**SUPPLIED DATA**
....................
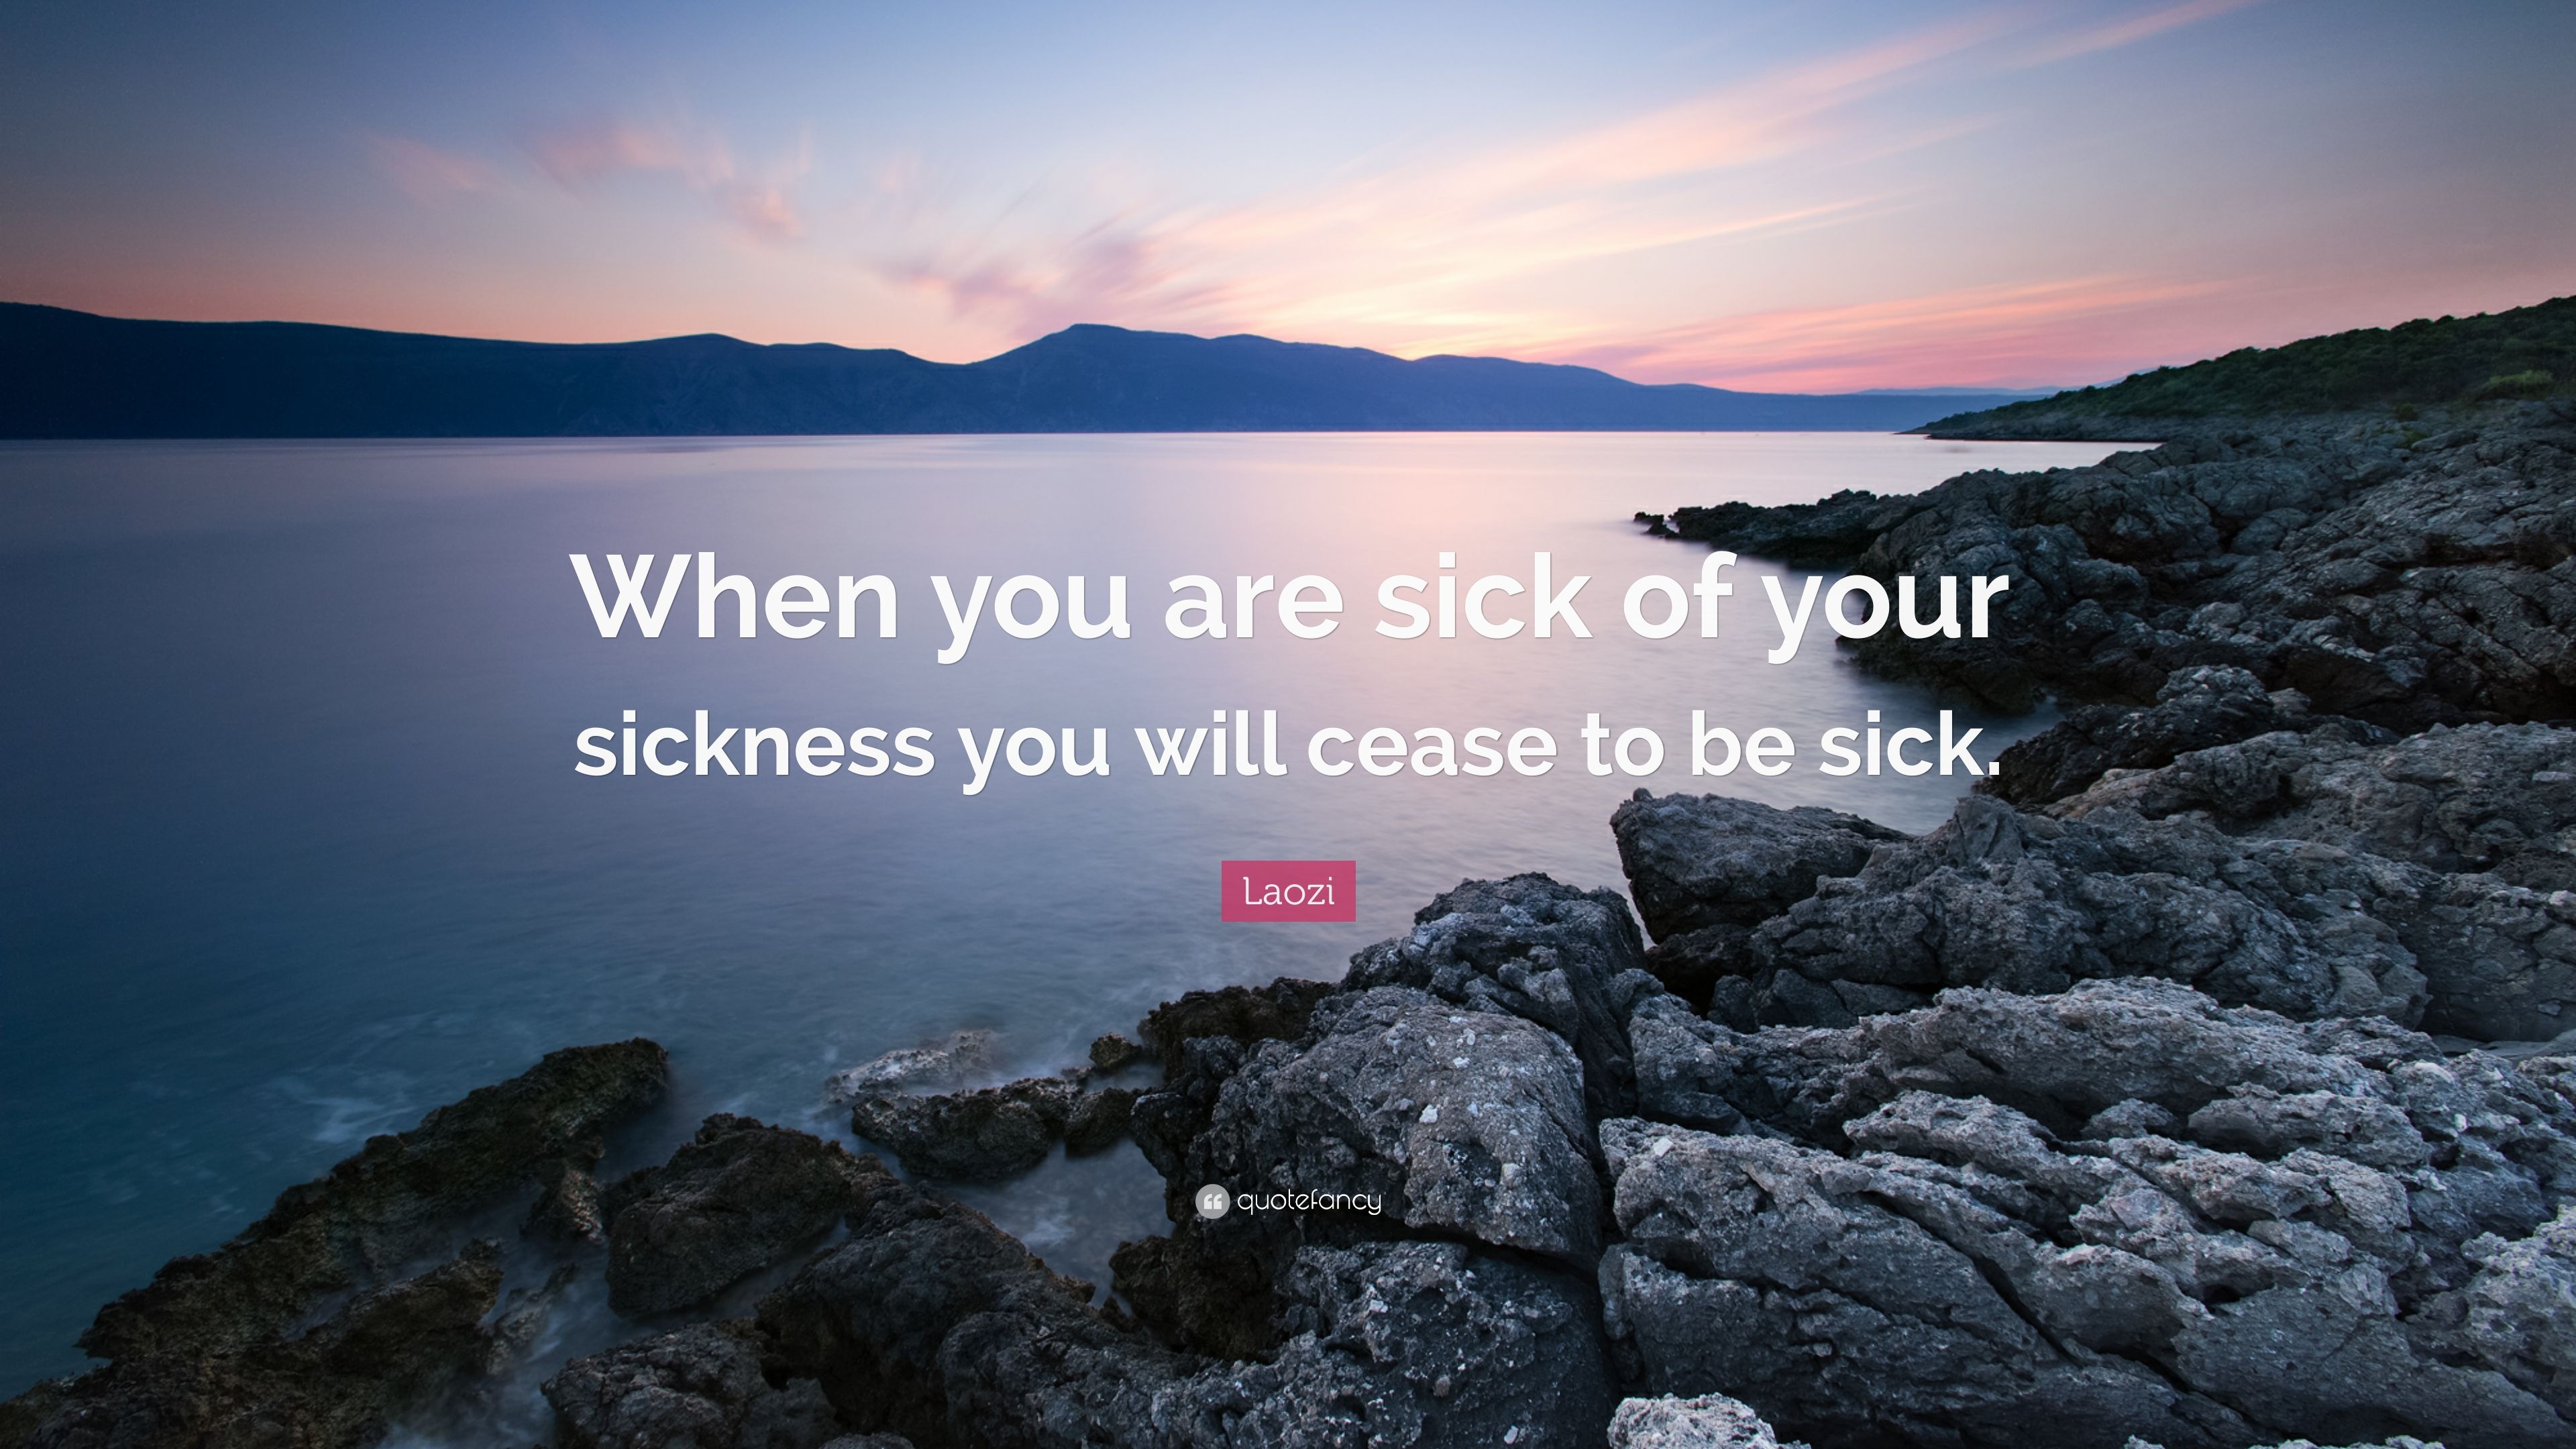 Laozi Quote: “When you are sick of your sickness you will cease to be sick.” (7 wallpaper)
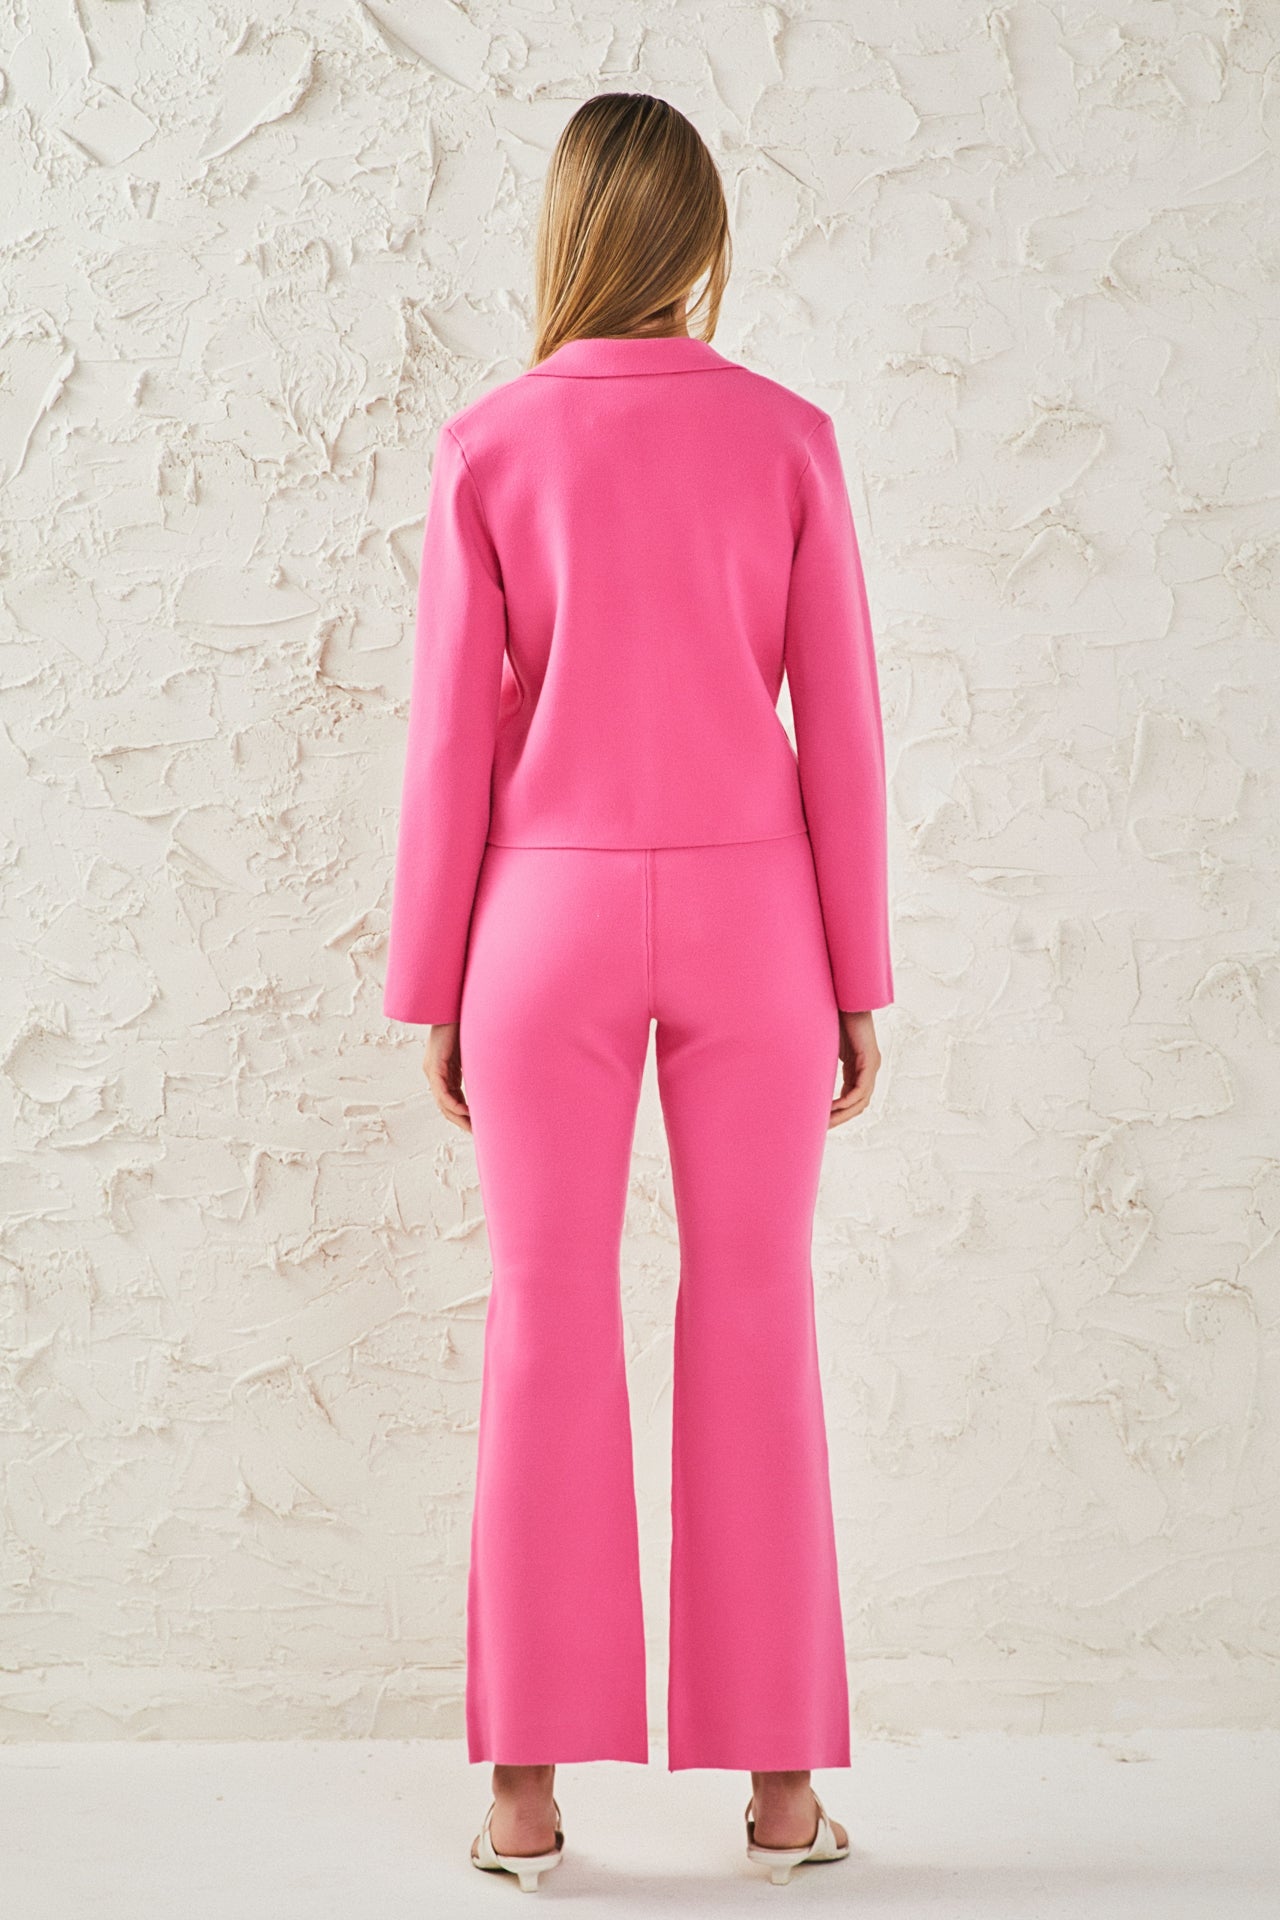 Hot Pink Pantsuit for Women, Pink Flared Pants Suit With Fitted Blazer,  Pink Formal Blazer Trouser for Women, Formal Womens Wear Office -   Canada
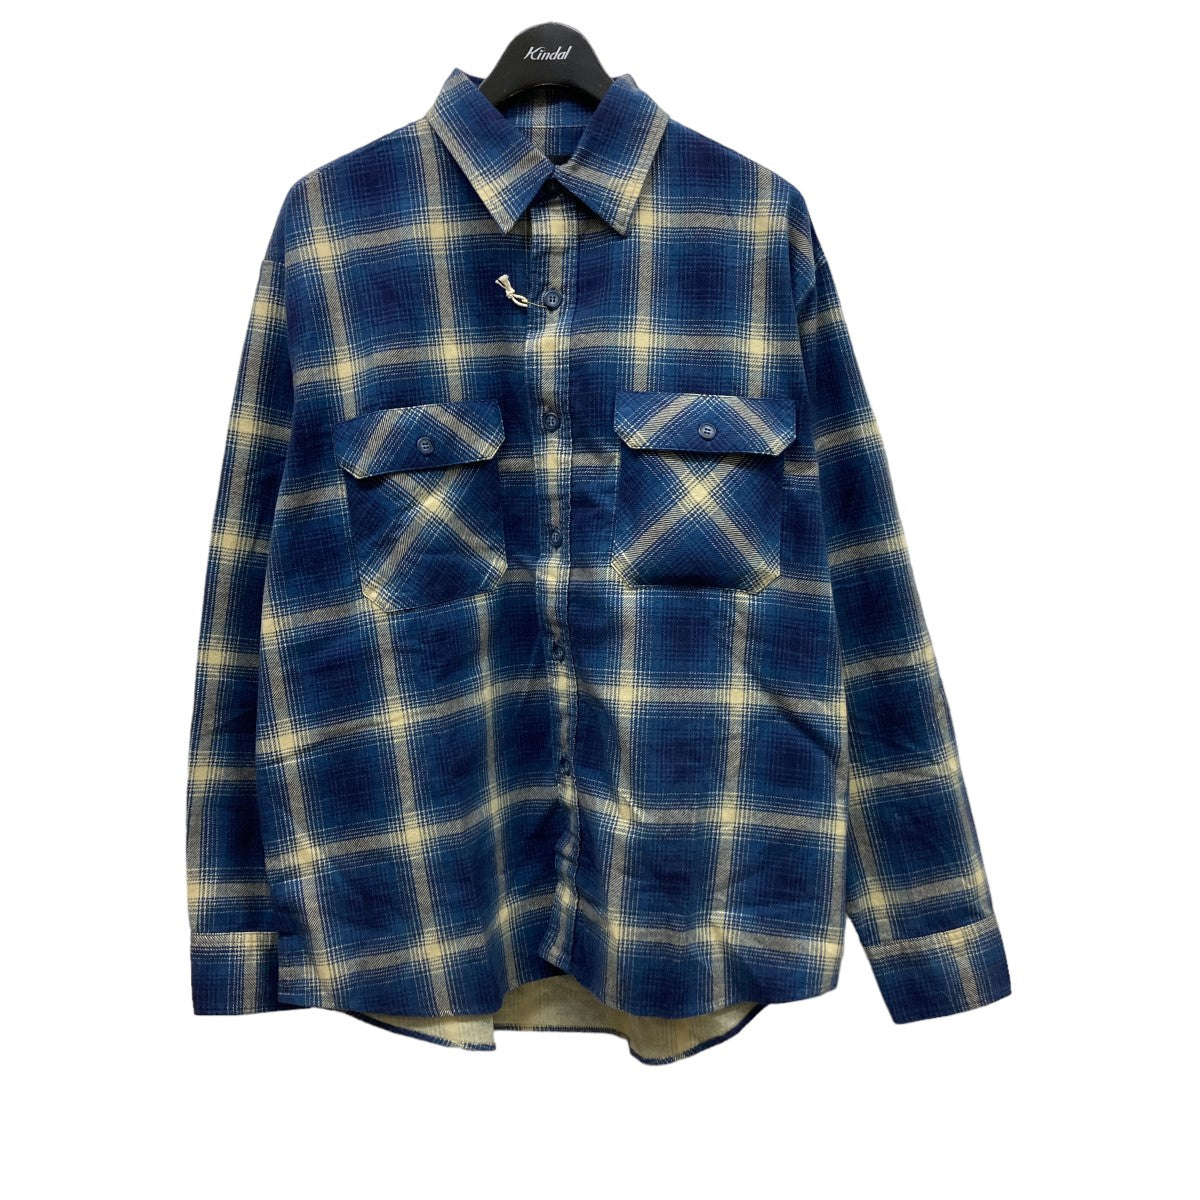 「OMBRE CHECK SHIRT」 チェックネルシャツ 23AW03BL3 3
....................
Set down word for word, from the line that contains "Hot Pink Pantsuit" to the end of the listing above, every line and no picture.

 Hot Pink Pantsuit for Women, Pink Flared Pants Suit With Fitted Blazer,  Pink Formal Blazer Trouser for Women, Formal Womens Wear Office -   Canada
 「OMBRE CHECK SHIRT」 チェックネルシャツ 23AW03BL3 3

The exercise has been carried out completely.